Injection Guard

Injection Guard is a pre-execution safety layer that scans tool arguments for prompt injection patterns before the tool runs. It protects guarded tools from instruction hijacking, system prompt extraction, obfuscated payloads, and other injection techniques.

Injection Guard is separate from HMADS. HMADS protects against dangerous operations like file deletion and privilege escalation. Injection Guard protects against prompt injection in tool arguments.

How It Works

When an agent calls a guarded tool, Injection Guard scans its text arguments against a set of detection rules. Each rule has a severity level and a category. If a match is found, the guard compares the severity against the agent’s minimum severity threshold and responds according to the agent’s configured mode.

Guarded Tools

These tools have their arguments scanned for injection:

write_file — content and file_path
str_replace — old_str, new_str, file_path
patch — patch content and file_path
read_file — file_path
bash — script content
runpy — script and code content
send_agent_message — message content

Super Agent Bypass

Super agents bypass Injection Guard entirely, just as they bypass HMADS.

Severity Levels

Each detection rule has a severity level that determines how it is handled:

Level	Score	Description
LOW	0.2	Minor suspicion, such as token mentioned with extraction verb
WARNING	0.3	Credential-related probes
MEDIUM	0.4	Context manipulation, obfuscation attempts
HIGH	0.7	Direct instructions to change behavior, payload splitting
CRITICAL	1.0	Instruction hijacking, system prompt leaking, tool hijacking

Rules below the agent’s minimum severity threshold are skipped.

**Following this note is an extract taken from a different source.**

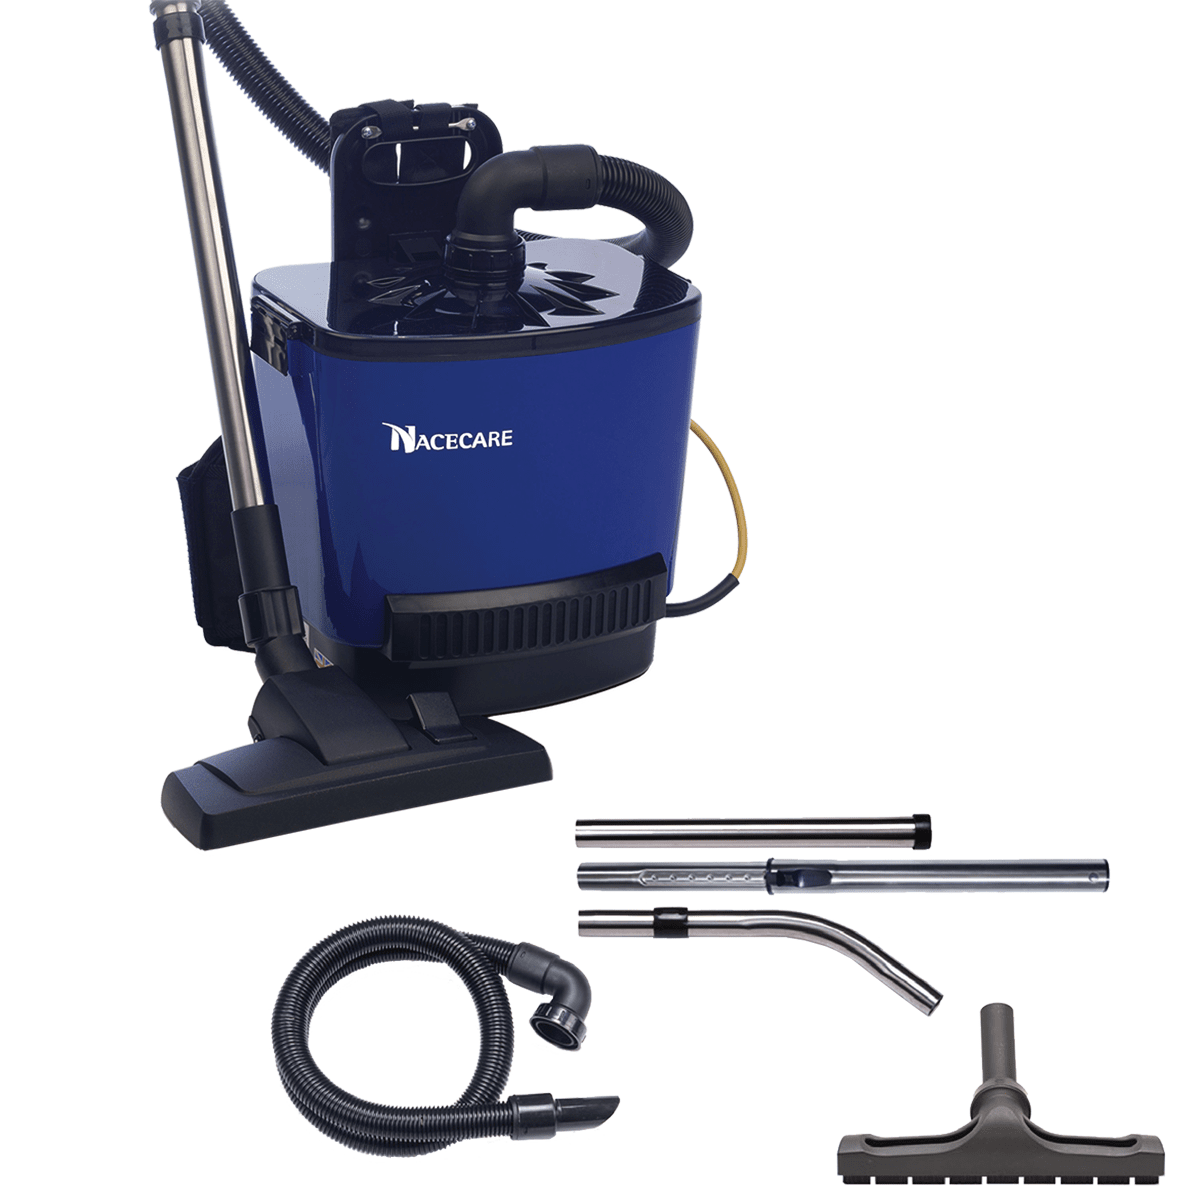 Nacecare Rsv 130 Backpack Vacuum With Grooming Kit - Astb2
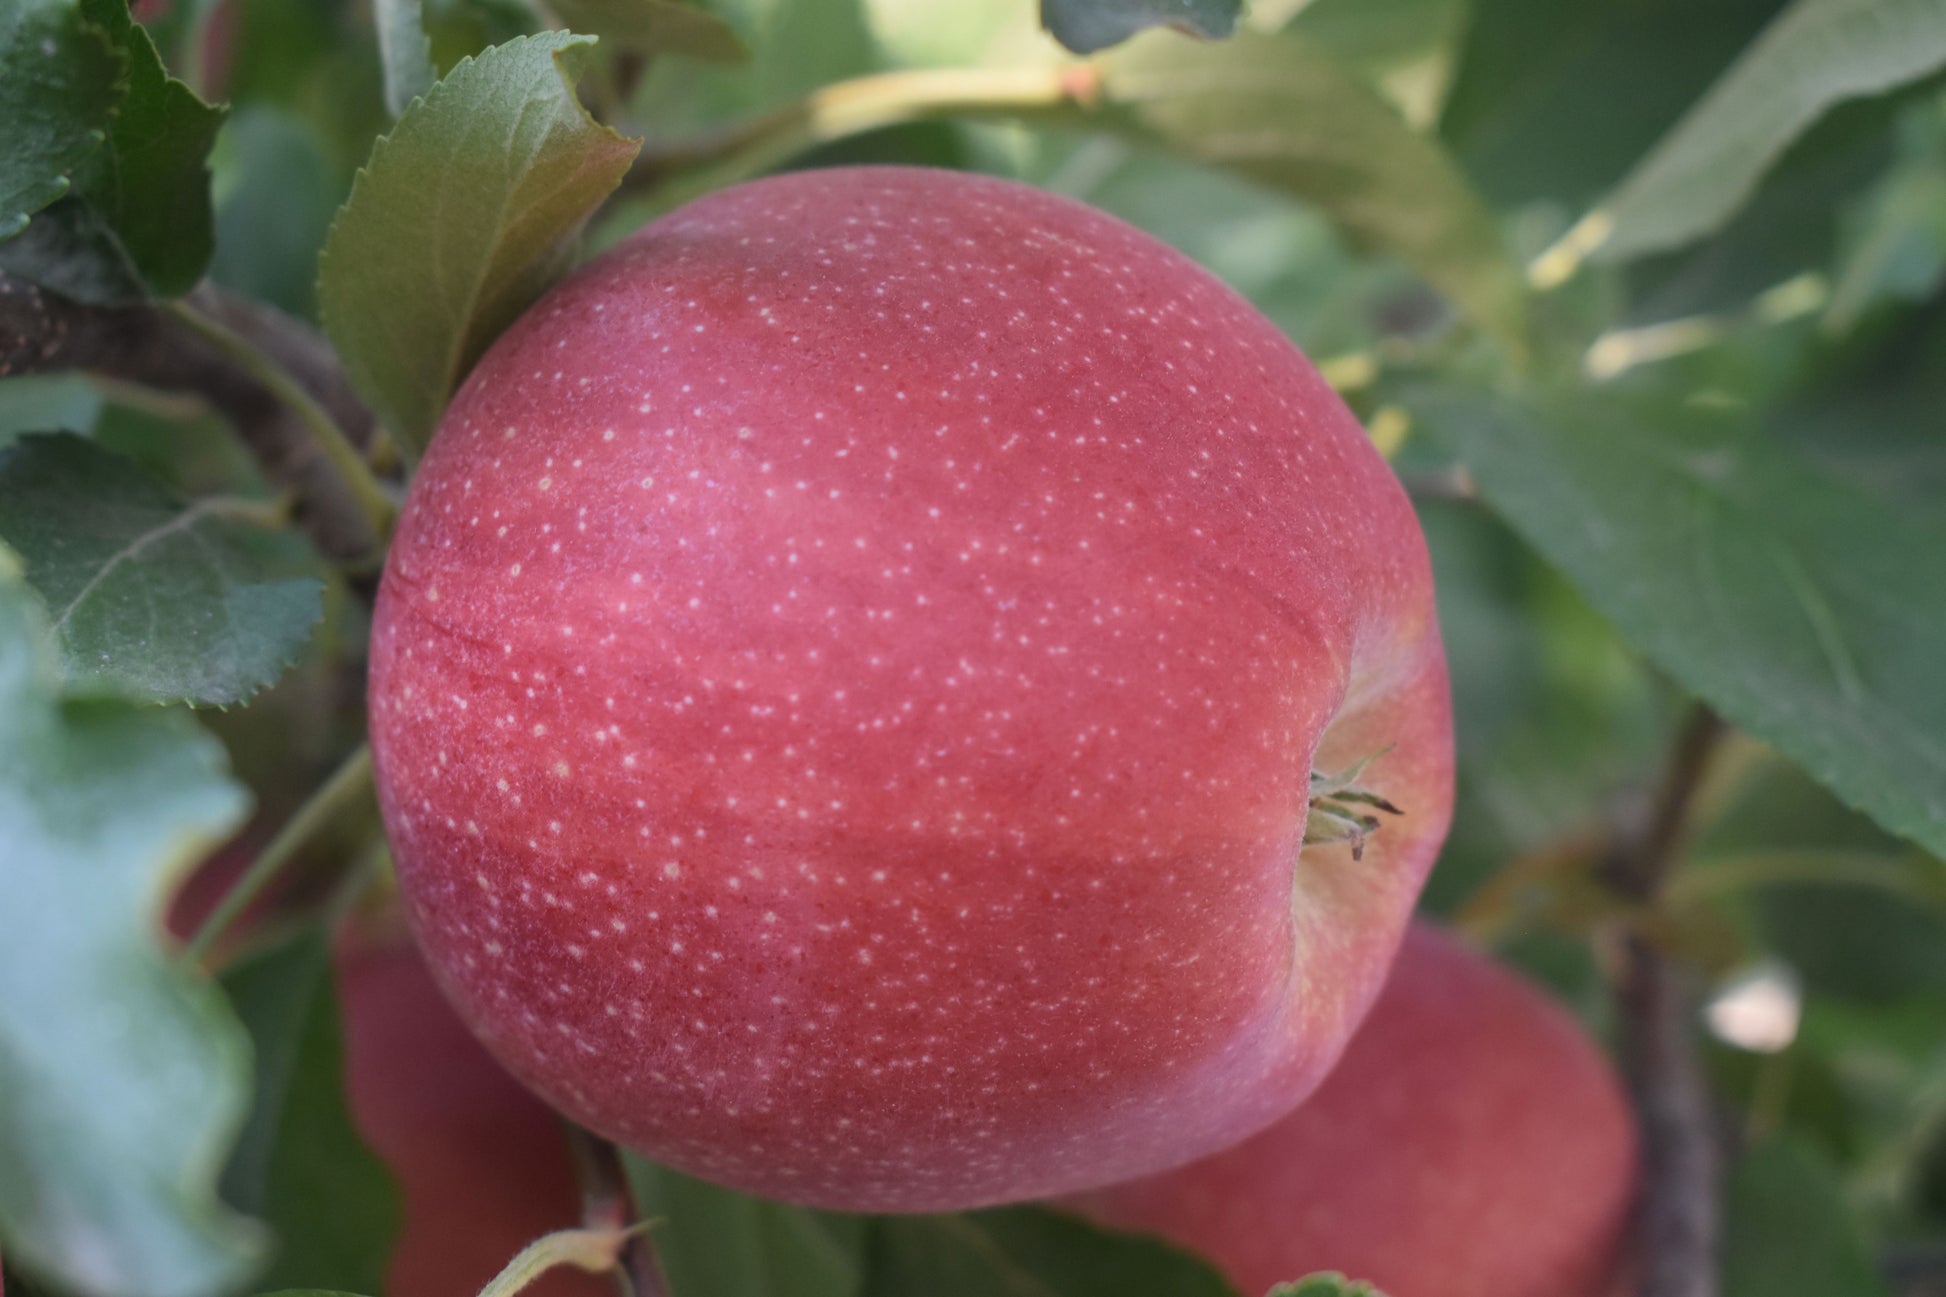 Gala Apples – KPJasper, LLC dba Kathy's Apple Farm

The default threshold is MEDIUM.

Detection Categories

Injection Guard covers 15 categories of injection techniques:

Category	Examples
Direct Override	Phrases telling the agent to reject its original system prompt
Prompt Leaking	Requests to copy the full system prompt text
Context Manipulation	Hypothetical framing, indirect references, few-shot manipulation
Obfuscation	Base64, hex, unicode escapes, leetspeak, spaced characters, ROT13
Payload Splitting	Token concatenation, comment injection
HTML/Markdown Injection	Suspicious markdown link protocols such as javascript: or data:
Reasoning Hijack	Distorting chain-of-thought, reward hacking
Indirect Injection	Second-order injection, document-embedded code
Data Extraction	Credential and token extraction attempts
Function Call Hijacking	Tool call injection, output format hijacking
Multilingual Attack	Attacks using non-English language phrasing

Configuration

Injection Guard is configured per-agent in the Advanced Settings section of the agent detail page.

Toggle

The Injection Guard toggle enables or disables scanning for the agent. It is enabled by default.

Agent Variables

For programmatic configuration, Injection Guard supports three agent variables:

Variable	Values	Default	Description
`injection_guard_enabled`	`1`, `0`	`1`	Enable or disable the guard
`injection_guard_min_severity`	`LOW`, `WARNING`, `MEDIUM`, `HIGH`, `CRITICAL`	`MEDIUM`	Minimum severity to act on
`injection_guard_mode`	`block`, `warn`, `log`	`block`	Response mode when injection is detected

Response Modes

Mode	Behavior
block	Blocks the tool call and returns a clear error with severity and score
warn	Blocks the tool call with a warning message advising admin contact
log	Logs the detection but allows the tool call to proceed

When to Disable

Injection Guard uses regex-based pattern matching, which can sometimes trigger on legitimate code. Consider disabling it if you experience false positives in:

Code generation that includes security-related terms
File operations with paths matching sensitive patterns
Scripts that construct commands dynamically

The toggle is located in Advanced Settings under the agent’s General tab, alongside the Safety Checker toggle.